Apple's Foundation Model Infrastructure team is seeking to build frameworks, services, and tools to power large foundation models on servers, optimizing inference for cutting-edge model architectures and launching production-grade solutions for millions of customers in real-time.
Requirements
- Have experience with high throughput services particularly at supercomputing scale.
- Proficient with running applications on Cloud (AWS / Azure or equivalent) using Kubernetes, Docker etc.
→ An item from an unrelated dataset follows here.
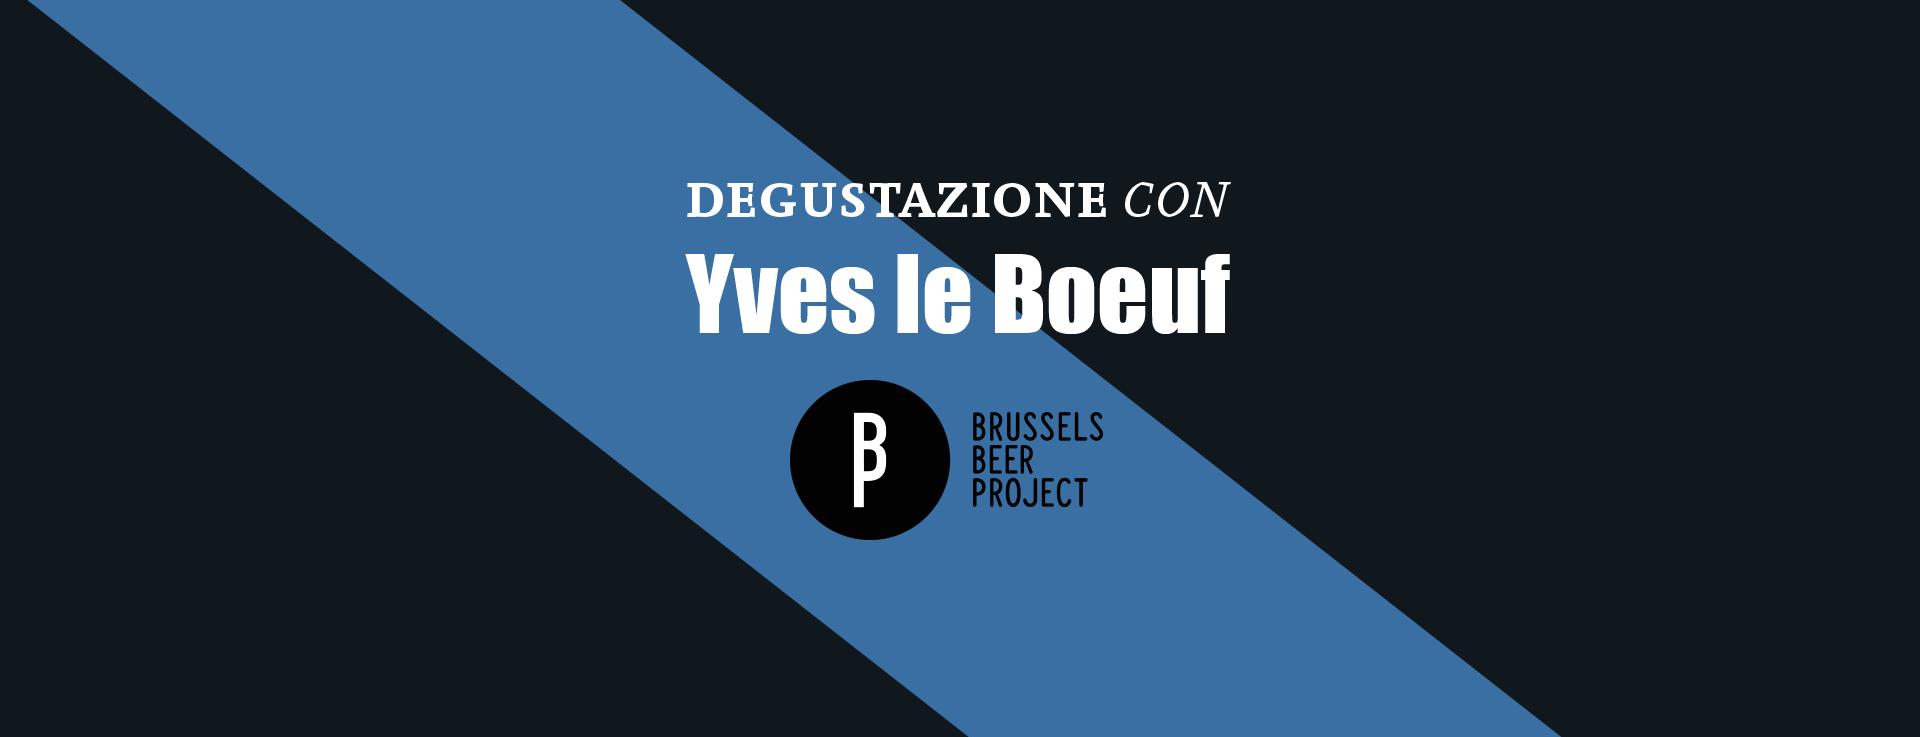 Degustazione con Yves Le Boeuf di Brussels beer Project al Dash Kitchen

- Familiar with GPU programming concepts using CUDA.
- Familiar with one of the popular ML Frameworks like Pytorch, Tensorflow.
- Proficient in building and maintaining systems written in modern languages (eg: Golang, python)
- Familiar with fundamental Deep Learning architectures such as Transformers, Encoder/Decoder models.
- Familiarity with Nvidia TensorRT-LLM, vLLLM, DeepSpeed, Nvidia Triton Server etc.
Responsibilities
- Work along side Foundation Model Research team to optimize inference for cutting edge model architectures.
- Work closely with product teams to build Production grade solutions to launch models serving millions of customers in real time.
- Build tools to understand bottlenecks in Inference for different hardwares and use cases.
- Mentor and guide engineers in the organization.
Other
- 5+ years of experience leading and driving complex, ambiguous projects.
- Mentor and guide engineers in the organization.